Da demnächst eh eine Bestellung bei Microchip-direct dran ist, wird das
möglicherweise gleich mitgehen. Dort kostet das USD 47,95.
Teo D. schrieb:> Laut Aufmacher scheint es mir aber nichts wirklich neues dran zu geben?
Doch, zum Beispiel:
- 4-Wire-JTAG
- Mehr Geschwindigkeit
- Eine µSD-Karte für Firmware images.
Der Punkt 2 ist dringend nötig...
PICianer schrieb:> Der Punkt 2 ist dringend nötig...
Wollt ich eigentlich ignorieren, nich wichtig für mich. Aber... es Nervt
halt doch. Könnt durchaus sein, das es hier bald eine 3er Version zu
verschenken gibt. ;)
Danke für die Infos, den Rest hät ich sicher übersehen.
Teo D. schrieb:> Wollt ich eigentlich ignorieren, nich wichtig für mich. Aber... es Nervt> halt doch. Könnt durchaus sein, das es hier bald eine 3er Version zu> verschenken gibt. ;)
Das Pickit 3 zusammen mit der Hostsoftware MPLAP-X ist eine pure
Frechheit. Es dauert sage und schreibe 7 Sekunden, bis das Pickit 3 bei
mir anfängt einen 18F2550 zu flashen (die 18F-Firmware ist da übrigens
schon drinnen) und es braucht dann noch ca. 5 weitere Sekunden, um 100
Byte zu flashen und das Kommandozeilen-Programm zu beenden. Das geht
doch locker in unter einer Sekunde, wenn man es richtig macht. Wie
konnte so etwas nur die Qualitätsabteilung bei Microchip verlassen? Das
ist echt ein Armutszeugnis.
Grüße Oliver
Oliver J. schrieb:> Es dauert sage und schreibe 7 Sekunden
Naja, deswegen sterbe ich auch nich früher. :)
(oder doch?)
Aber wenn man eh grad an nem nervigen Bug hängt, macht's das sicher
nicht besser.
Den Kaffee Konsum würde es bei mir sicher drosseln.
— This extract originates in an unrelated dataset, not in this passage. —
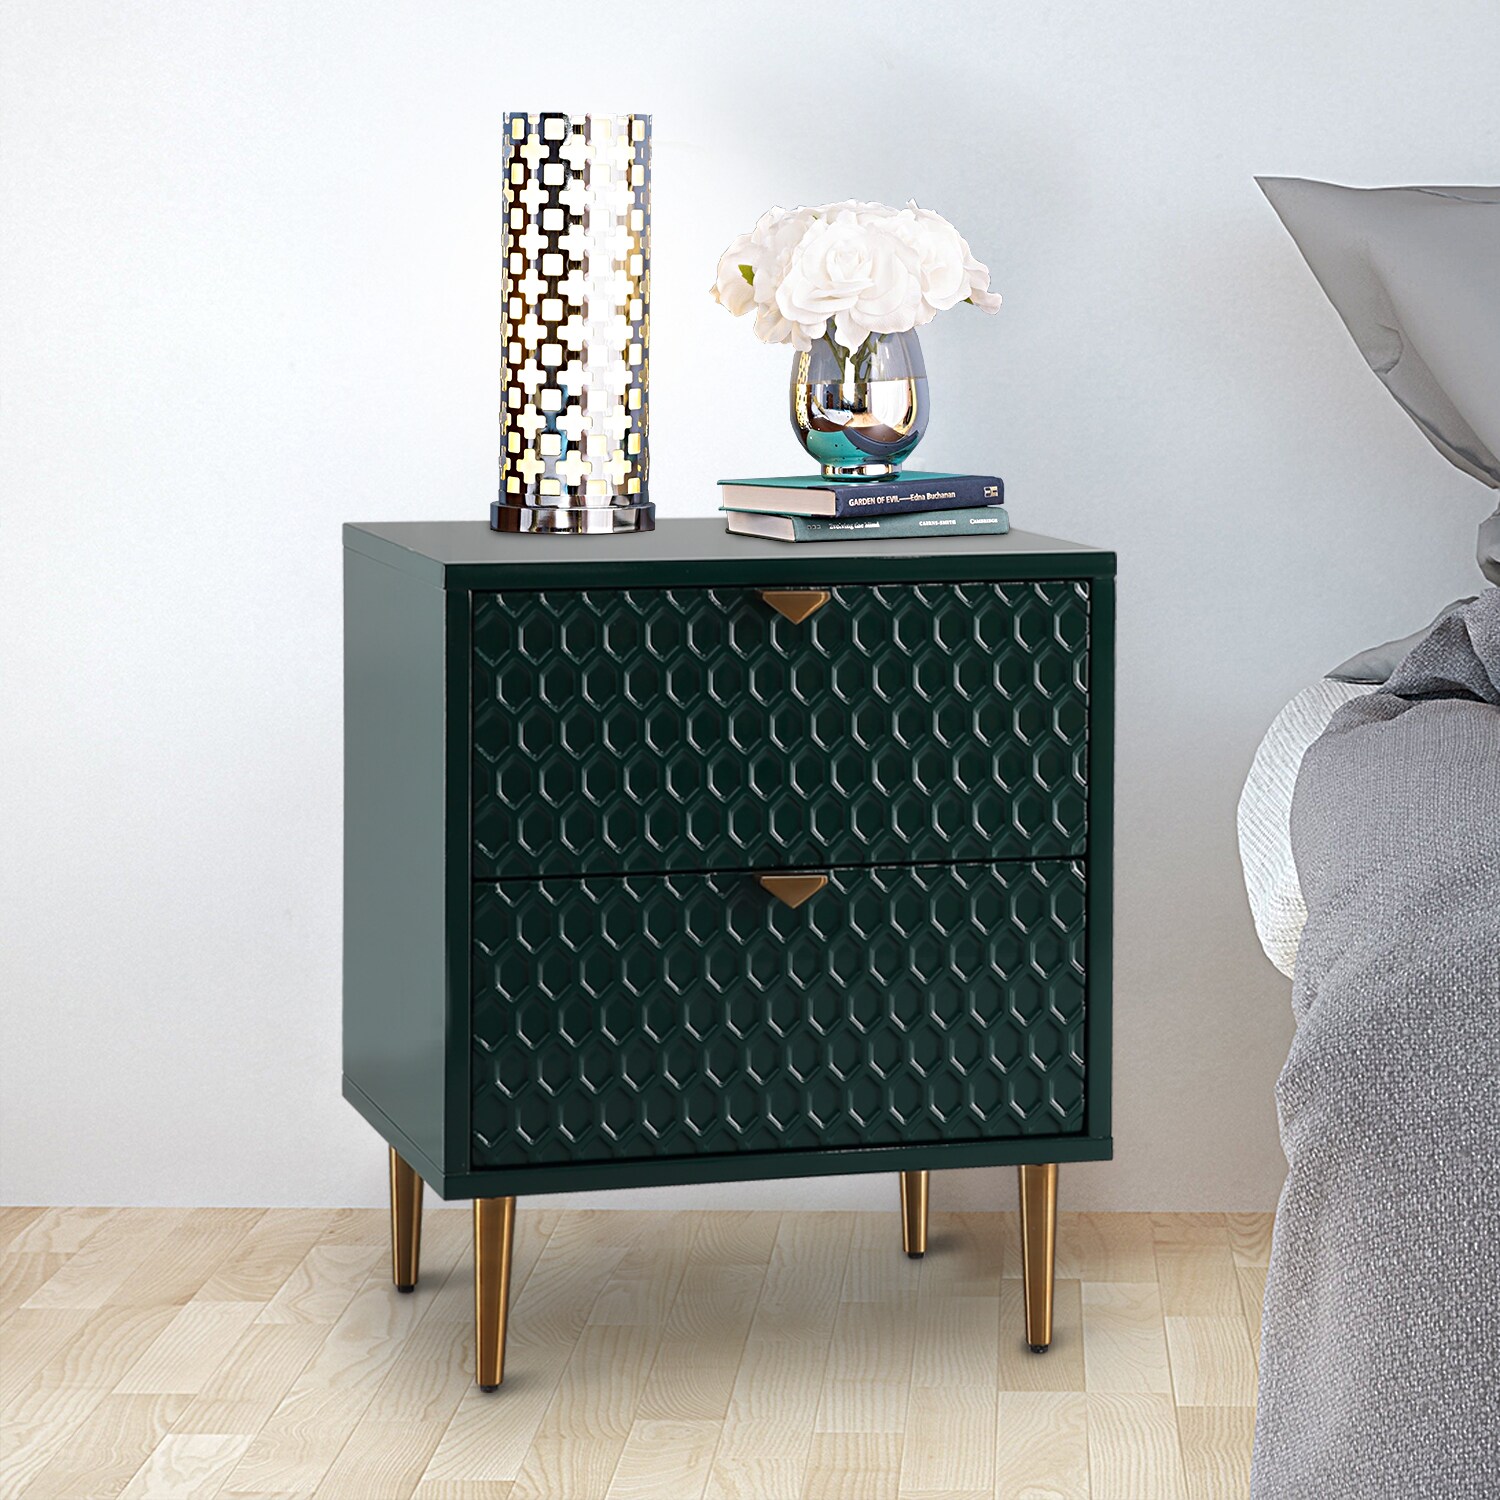 Narre Green End Table with Storage Living Room Side Table 2 Drawer & Open  Storage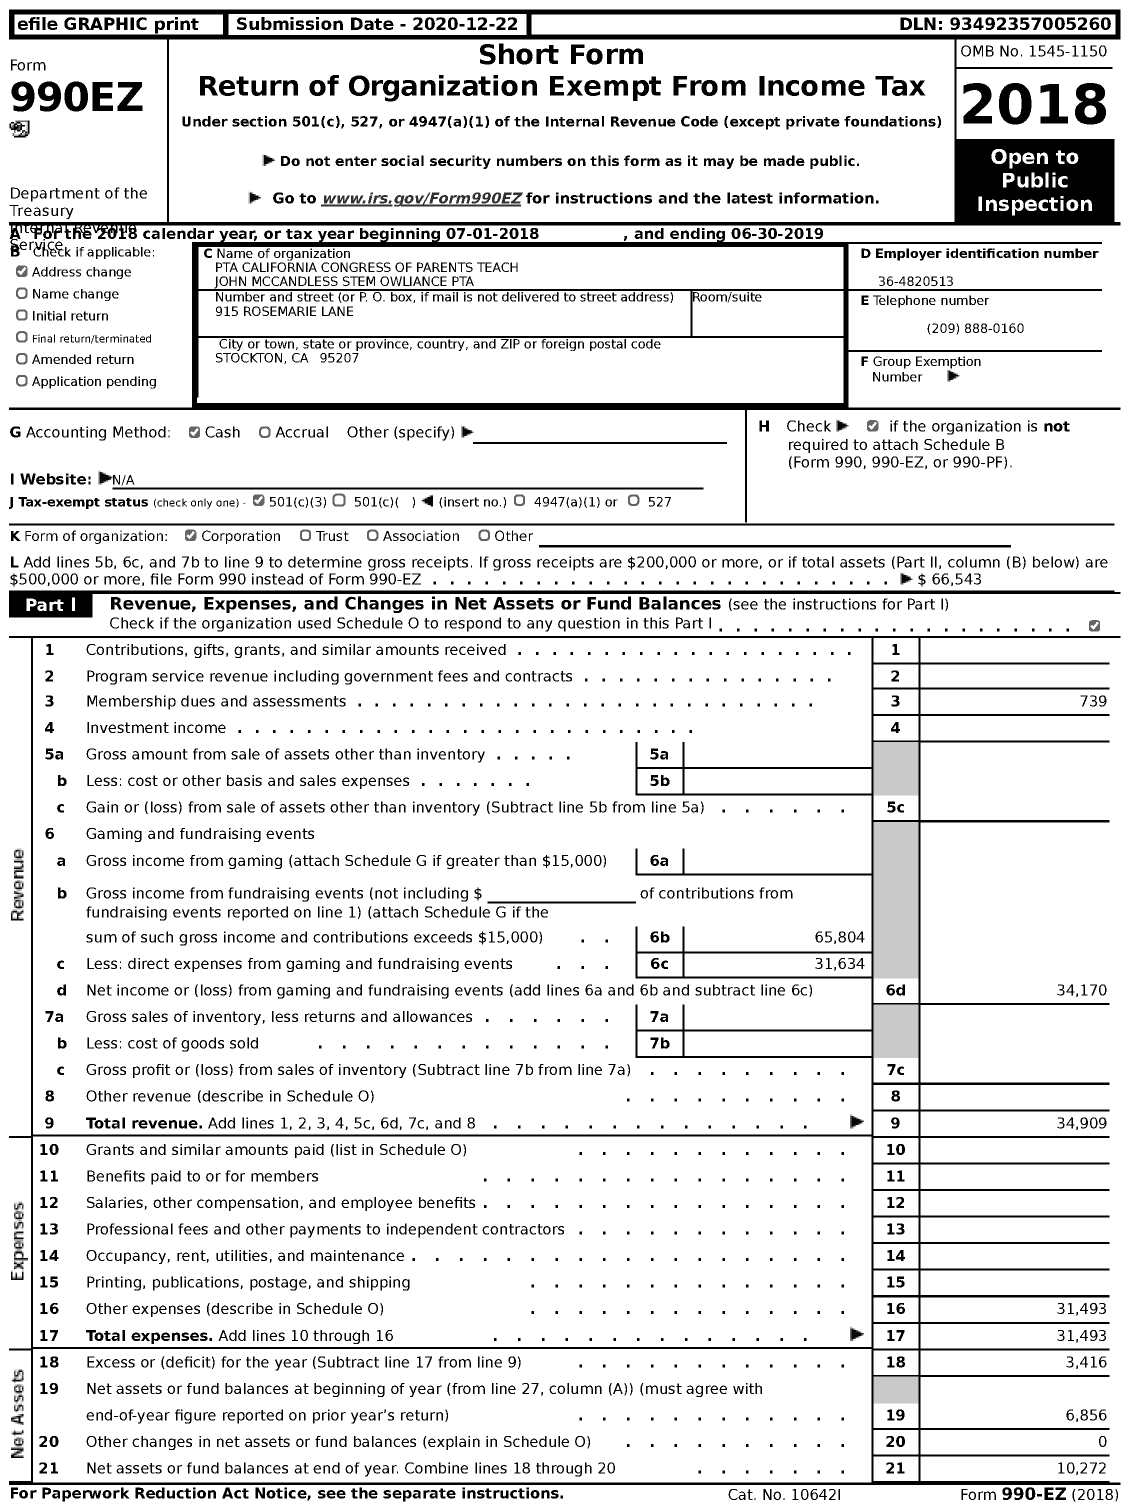 Image of first page of 2018 Form 990EZ for California State PTA - John Mccandless Stem Owliance PTA

Was sonnst in den
~30s machen, als ne neue Tasse holen.
Oliver J. schrieb:> Teo D. schrieb:>> Wollt ich eigentlich ignorieren, nich wichtig für mich. Aber... es Nervt>> halt doch. Könnt durchaus sein, das es hier bald eine 3er Version zu>> verschenken gibt. ;)>> Das Pickit 3 zusammen mit der Hostsoftware MPLAP-X ist eine pure> Frechheit. Es dauert sage und schreibe 7 Sekunden, bis das Pickit 3 bei> mir anfängt einen 18F2550 zu flashen (die 18F-Firmware ist da übrigens> schon drinnen) und es braucht dann noch ca. 5 weitere Sekunden, um 100> Byte zu flashen und das Kommandozeilen-Programm zu beenden. Das geht> doch locker in unter einer Sekunde, wenn man es richtig macht. Wie> konnte so etwas nur die Qualitätsabteilung bei Microchip verlassen? Das> ist echt ein Armutszeugnis.>> Grüße Oliver
Wenn es nur 7 Sekunden wären ;-)
Mein letztes Projekt hatte einen PIC32MX370 und mehrere 24-Bit ADC. Ich
hatte mehrere digitale Filter pro Kanal.
Wenn man jetzt mit dem PICkit3 ein paar kBytes Samples ziehen will, oder
eine große Struktur im Watch hat, kann man sich nicht nur einen Kaffee
holen gehen, man kann ihn schon fast selber rösten.
Da ist ein schnelleres PICkit4 eine zwingende Notwendigkeit. Schon wegen
der Konkurrenz (ST hat das Problem nämlich nicht).
So, habs heute überraschend schon geliefert bekommen.
Frisch von Microchip direct mit 60,64$ (47,95$ PICkit, 3,01$ freight
charge, 9,68$ VAT) auf der Rechnung (das sind 48,9€).
Die EIGENTLICH bestellten Bauteile waren natürlich nicht dabei.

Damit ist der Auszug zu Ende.